John was born in Belfast, ME. The family moved to Bangor, ME, when he was a child and this is where he calls home, went to school and graduated. As a young man, only 17 years old, he wanted to join the military. His high school offered the opportunity for students in their senior year to join the Army Reserve. He had to have his mother’s permission, and he said with a smile in his voice, “He had to do a lot of begging but she relented.” So once every month during his senior year he marched off to the Army camp for training and then six months active duty after graduation. He served 10 years in the Army Reserve before going into the Air National Guard. While in the Guard he worked in the dental department as a dental assistant. and was trained in dental radiology. He enjoyed dental work and thought it would make a good career so after he was discharged from the service he attended and was graduated from Kerpel Dental Technician School in New York state. Money was scarce and he was fortunate to secure a job as an usher at the famous Radio City Music Hall. This was a fun way to earn extra cash and enjoy the “big time” in New York.
After graduation from Kerpel he worked in a very large dental laboratory knowing he would get a lot of experience working with as many as 60 technicians. After a time working in this laboratory he was confident enough to return home to Bangor and work in a dental laboratory for a private practice dentist. It was here he met a friend who worked with him as a technician When this friend saw the Canadians getting regulation to work independently he began promoting this idea among the technicians. The friend eventually lost interest in the project, but he had set a fire under John and the few other technicians who at that time had gotten on board with the idea of independence. Knowing they could serve people more efficiently with a more personalized, usable and much less expensive product without the “middle man,” the technicians were determined to win their independence. It was happening in Canada and they knew it could happen in Maine. So they organized and started visiting their legislators seeking recognition as independent practitioners.
This did not set well with the Maine Dental Association and who hired a lobbyist. “This guy buried us,” to quote John, “but we learned a good lesson how to lobby, so all was not lost.” The Maine Dental Association, in their efforts to fight the “uprising” began charging the Maine dentists $100 a month to fight this “threat.” That did not set well with the dentists who had been working successfully with these technician.
They went back to the legislators who finally agreed they could use the word “denturist” but to practice they had to go to school and the state was mandated to set up an educational program.
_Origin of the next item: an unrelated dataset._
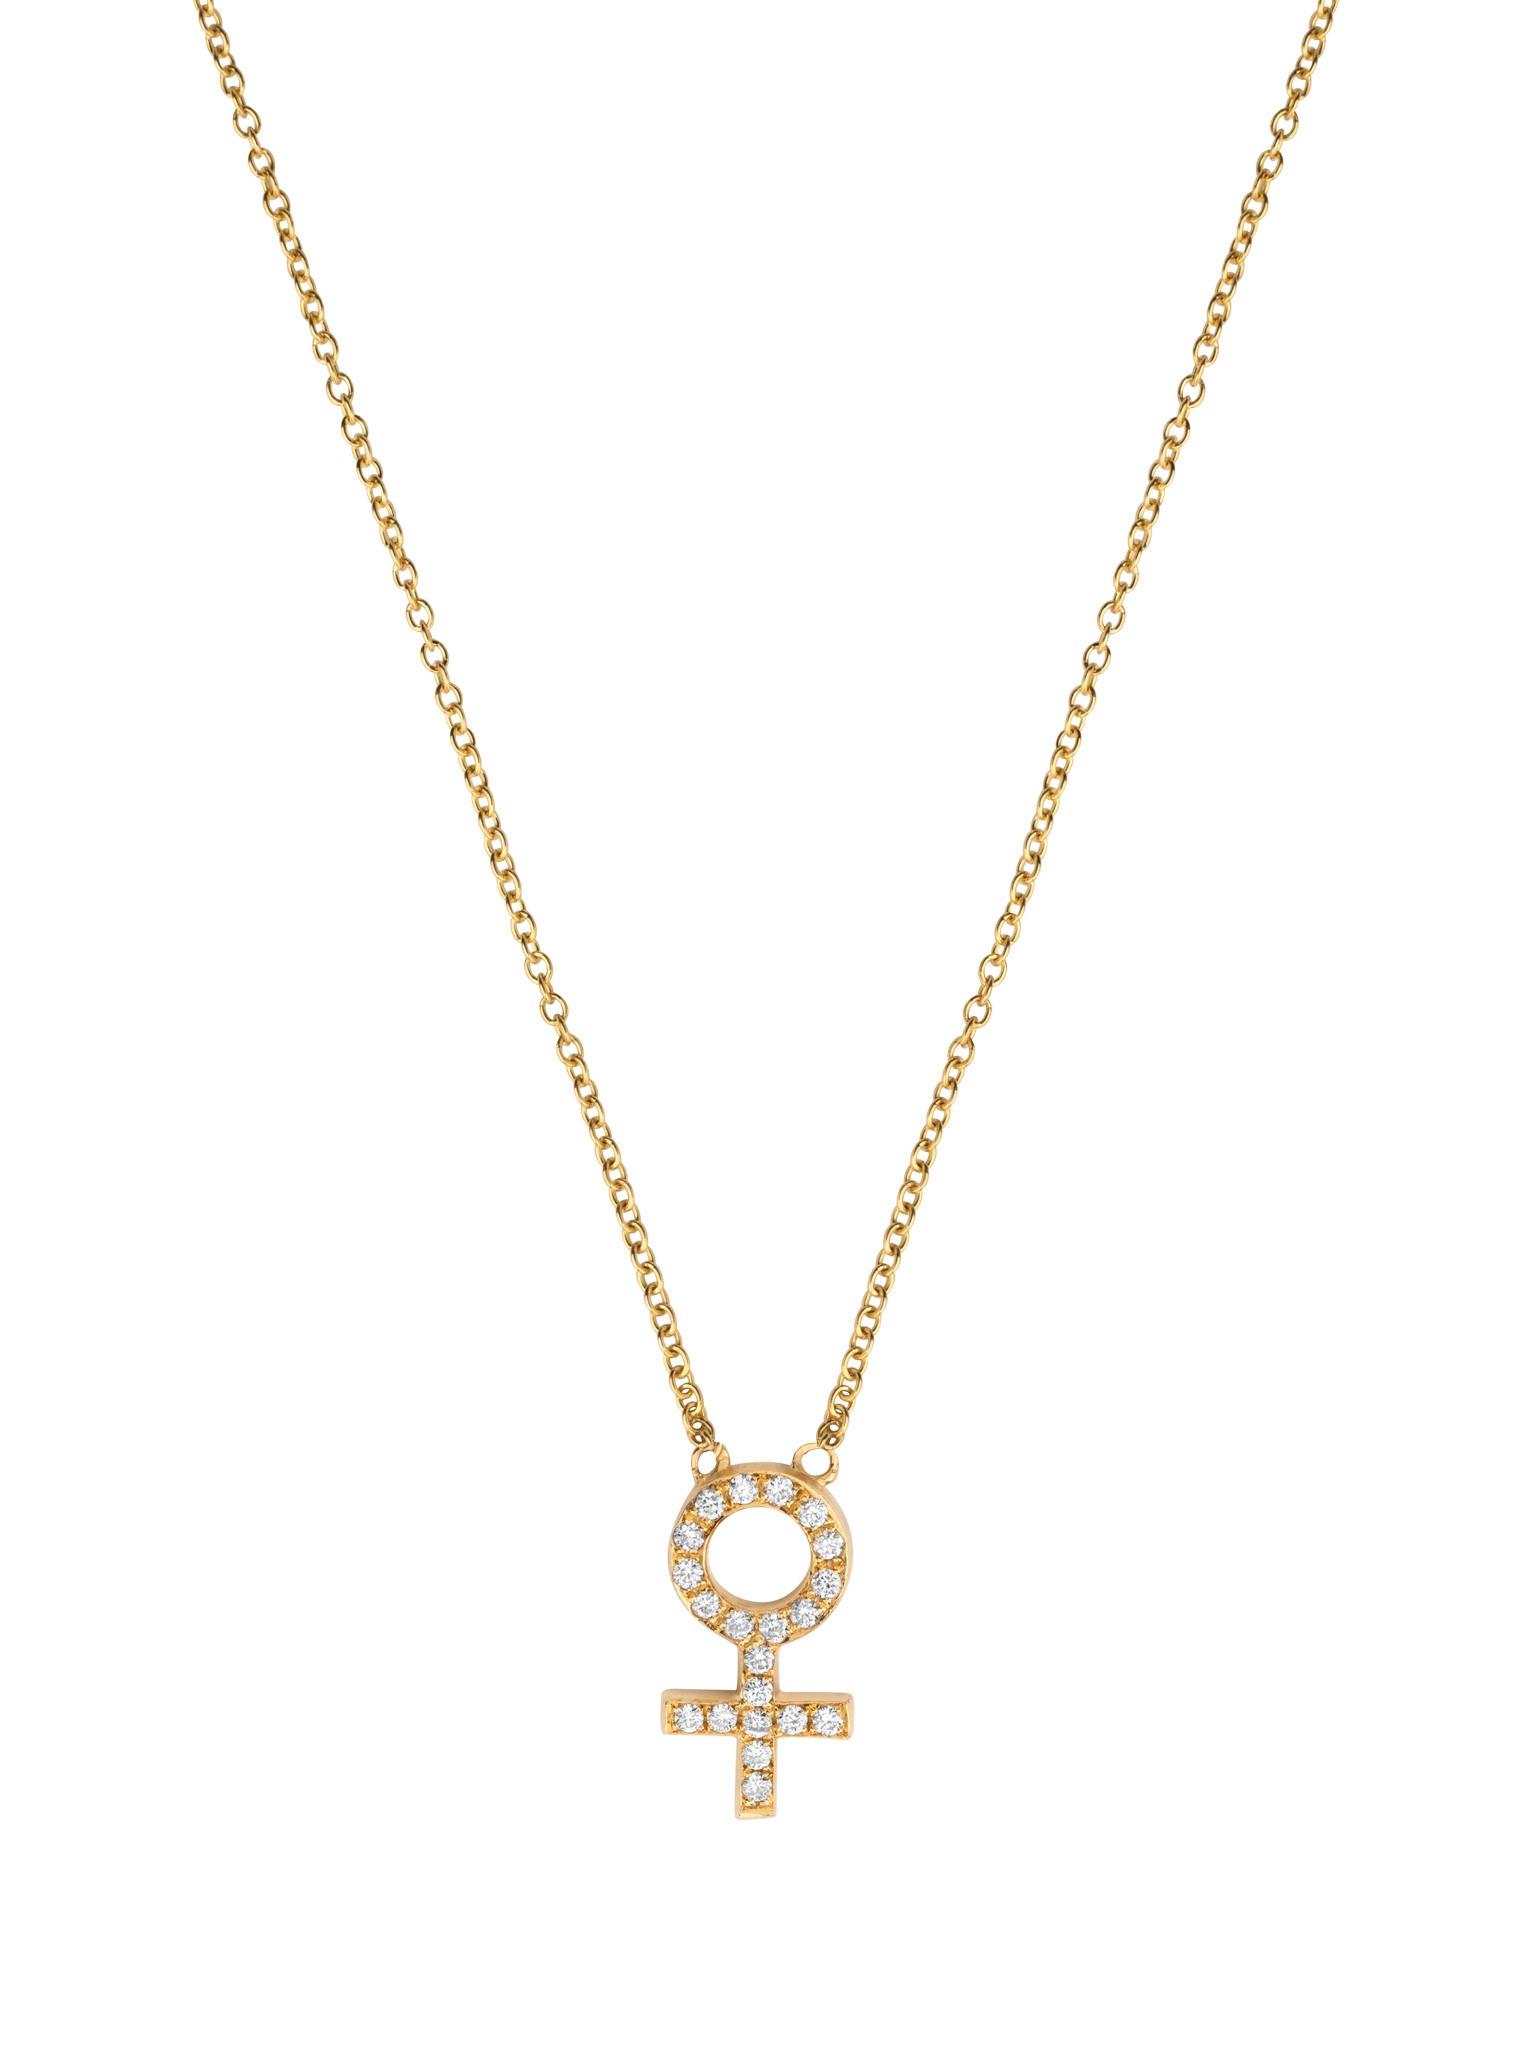 Pavé female venus symbol necklace

Unfortunately, 18 years passed before, Ralph Dhuy, a Maine “denturist” took the initiative to start the procedure to get an educational program established. The state accepted the denturist program offered by George Brown College; this prestigious school established a college program that met and exceeded the educational criteria outlined by the state of Maine and offered an avenue for education for individuals seeking a career as a “denturist” in the United States. The state of Maine legislature finally approved a law that allowed denturists to work as independent practitioners. It was a rough road at first. Even after completion of their education and receiving a license these pioneers were required to obtain a Health Certificate before they could serve a patient. However, it was not long before this extra trip to a dentist or doctor was deemed unnecessary and an extra expense to the patient so the denturists were able to eliminate that requirement. Denturists in Maine have been successful in proving themselves proficient; their scope of practice now includes all removable dental prosthetics, they have their own sub-committee on the state health board, and are on the path to having greater board recognition.
John has been a pivotal individual throughout the years and all of the efforts in Maine. He is the senior member of the denturist subcommittee and continues to be active in promoting the profession. John is one of the last of the Denturist pioneers in Maine. He has a wealth of knowledge of the legislative process having lobbied and contributed to initiation of several bills which became law, including the 1996 law which opened the door for our education and practice. He is tenacious and patient; he never gave up and after enormous effort he along with fellow denturists finally received his “coveted” license to practice independently; at the age of 62 John was graduated from George Brown College.
John is a quiet sort of guy; very unassuming, but has textbook knowledge when it comes to his profession and has unrelenting determination that denturists should be available to serve in every state because denturists are the denture experts; he is proud of his profession He continues to serve patients in his private practice in Etna, Maine. When asked why he worked so hard seeking denturist legislation his inspiring response, “We had a dream; that kept us going.” The denturist profession owes this pioneer our respect and appreciation. To quote a fellow Maine denturist, “John is one of the best friends anyone could ever have. Generous to a fault, John is always there to help when needed. Truly a man to admire.” We are proud and honored to spotlight John Merrill.